-- SUPPLIED DATA --
================

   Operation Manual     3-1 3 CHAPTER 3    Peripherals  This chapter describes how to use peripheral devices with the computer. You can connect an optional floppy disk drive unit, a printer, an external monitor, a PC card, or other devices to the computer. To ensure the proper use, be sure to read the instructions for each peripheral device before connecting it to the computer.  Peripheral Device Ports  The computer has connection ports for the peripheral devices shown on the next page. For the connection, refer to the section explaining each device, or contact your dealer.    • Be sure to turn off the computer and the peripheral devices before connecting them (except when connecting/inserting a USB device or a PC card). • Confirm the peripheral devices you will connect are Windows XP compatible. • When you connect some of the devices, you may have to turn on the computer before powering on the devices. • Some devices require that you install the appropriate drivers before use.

================

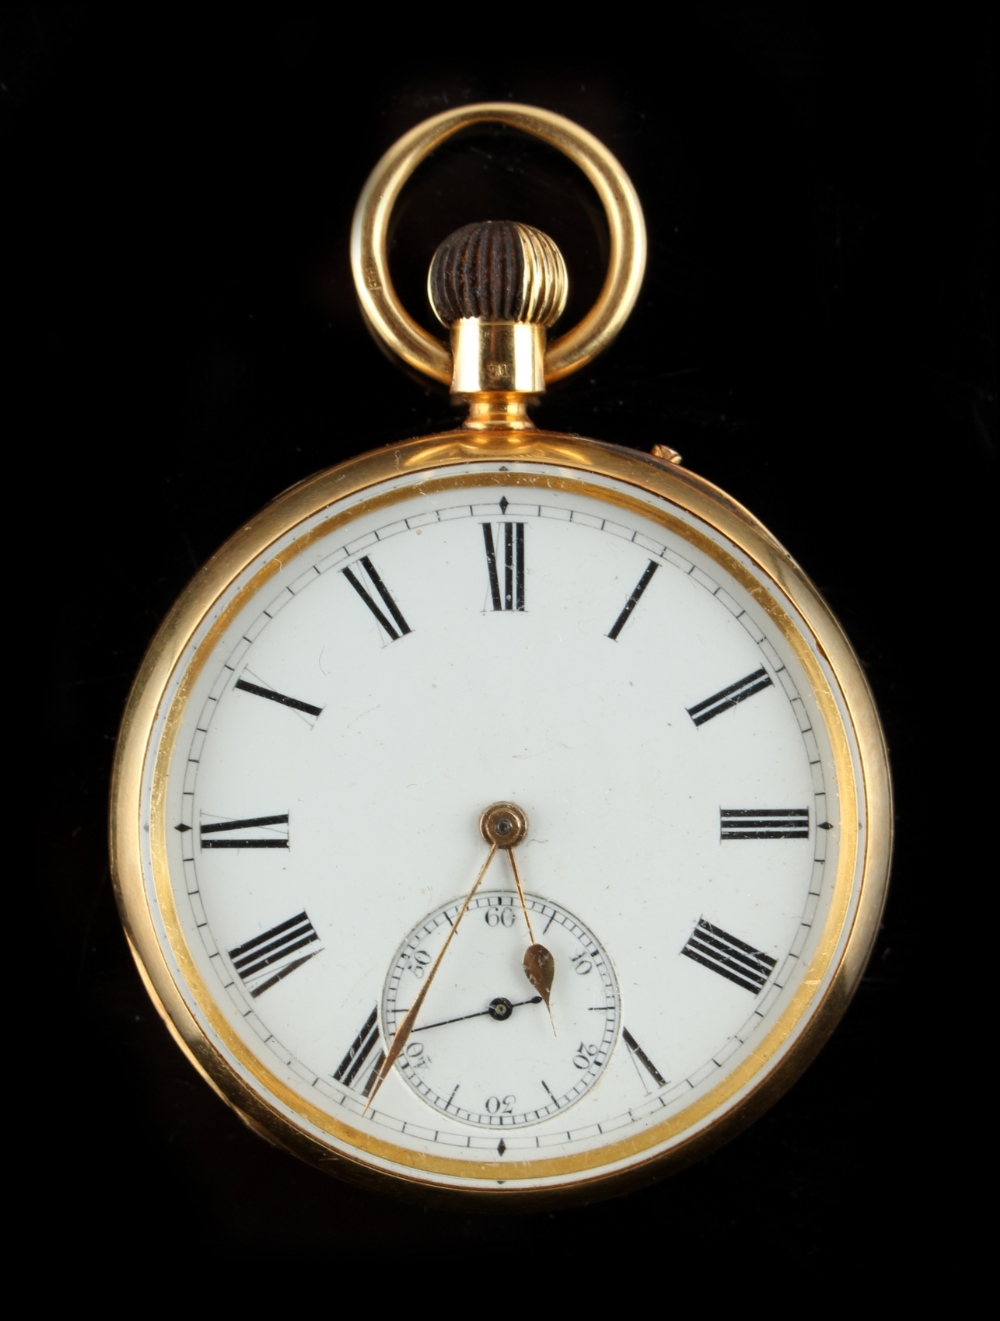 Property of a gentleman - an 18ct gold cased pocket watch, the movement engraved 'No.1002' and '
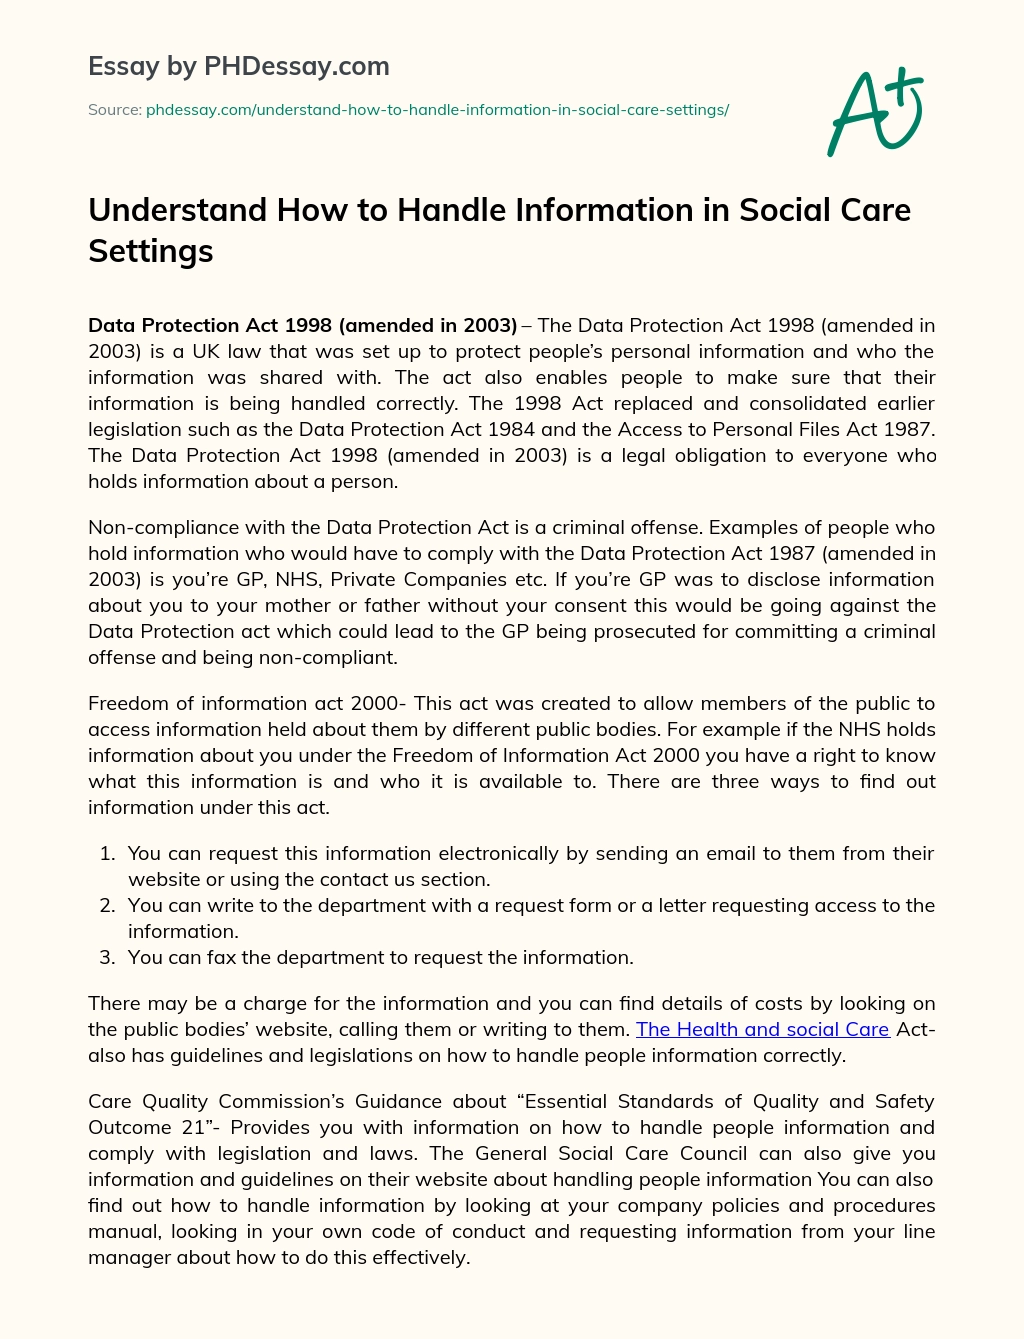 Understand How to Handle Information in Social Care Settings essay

================

-- YOUR TASK --
Range to copy from the records above: the line containing "Property of a" to the line containing "Understand How to", both included. Output those lines exactly and only those, skipping pictures.

-- TASK ANSWER --
 Property of a gentleman - an 18ct gold cased pocket watch, the movement engraved 'No.1002' and '
 Understand How to Handle Information in Social Care Settings essay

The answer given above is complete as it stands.